An important option missing so far from U.S. policy is a strong effort to encourage the Iranian opposition to try to replace the current regime. Because we can only delay and not stop Iran’s nuclear program, changing the regime before it achieves a nuclear bomb may be our best approach and certainly is worth considering to avoid a larger war.

A new Iranian government not pledged to the destruction of Israel, the United States and its allies would not pose the same kind of threat to the world posed by the current regime.

Young people, born after the 1979 revolution, which make up the majority of the Iranian population, and non-Persian Iranians, who are about one-third of the total population, would be receptive to a regime change message.

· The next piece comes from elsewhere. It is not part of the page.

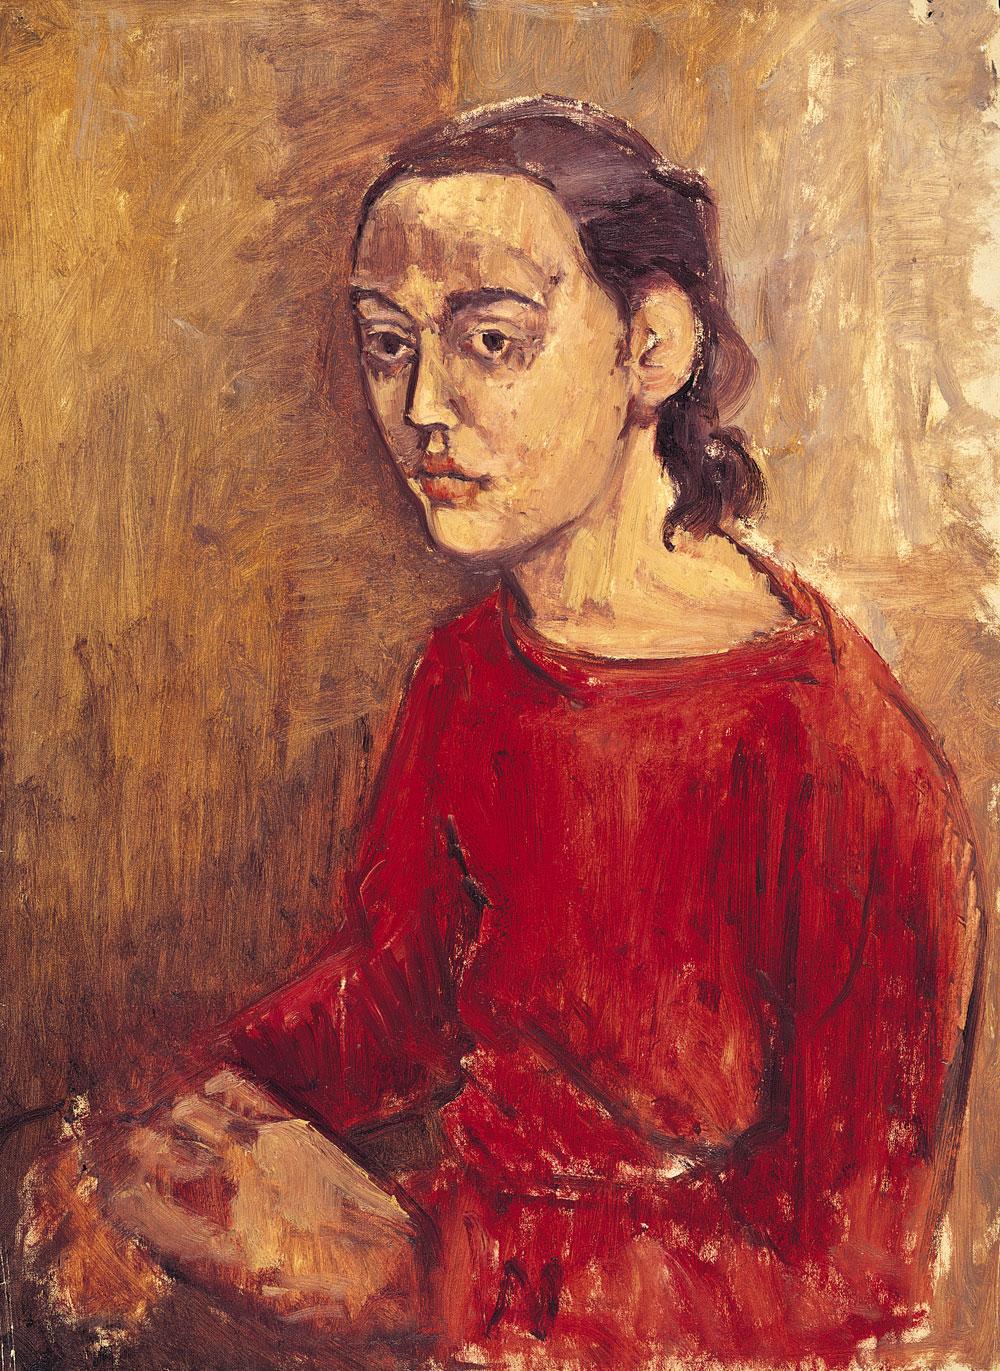 Self-Portrait in Red Dress

Iranian young people are chaffing under harsh Islamic restrictions imposed by a revolution that occurred before most of them were born. Iranian minority populations resent the Persian domination of the Tehran regime and often feel repressed or ignored. Both groups would be receptive to a strong regime change message.

During the “Green Revolution” in Iran in 2009, when thousands of people took to the streets to protest the Iranian mullahs’ repression and a rigged election, President Obama failed to support them. Despite that failure, it is not too late for the United States and others to offer both material and moral support to those who want a new government.

President Obama recently declared that his Administration’s policy was prevention of Iran obtaining nuclear weapons, not containment after the fact. If that’s the case, the Administration needs to try a new approach to the Iranian dilemma, with tighter sanctions aimed at Iran’s leaders and possible regime change as its focus.


Republican Rep. Elton Gallegly represents Ventura and Santa Barbara counties in Congress and is vice chairman of the House Foreign Affairs Committee and chairman of the House Judiciary Subcommittee on Immigration Policy and Enforcement. He served on the House Permanent Select Committee on Intelligence from 2003-2011.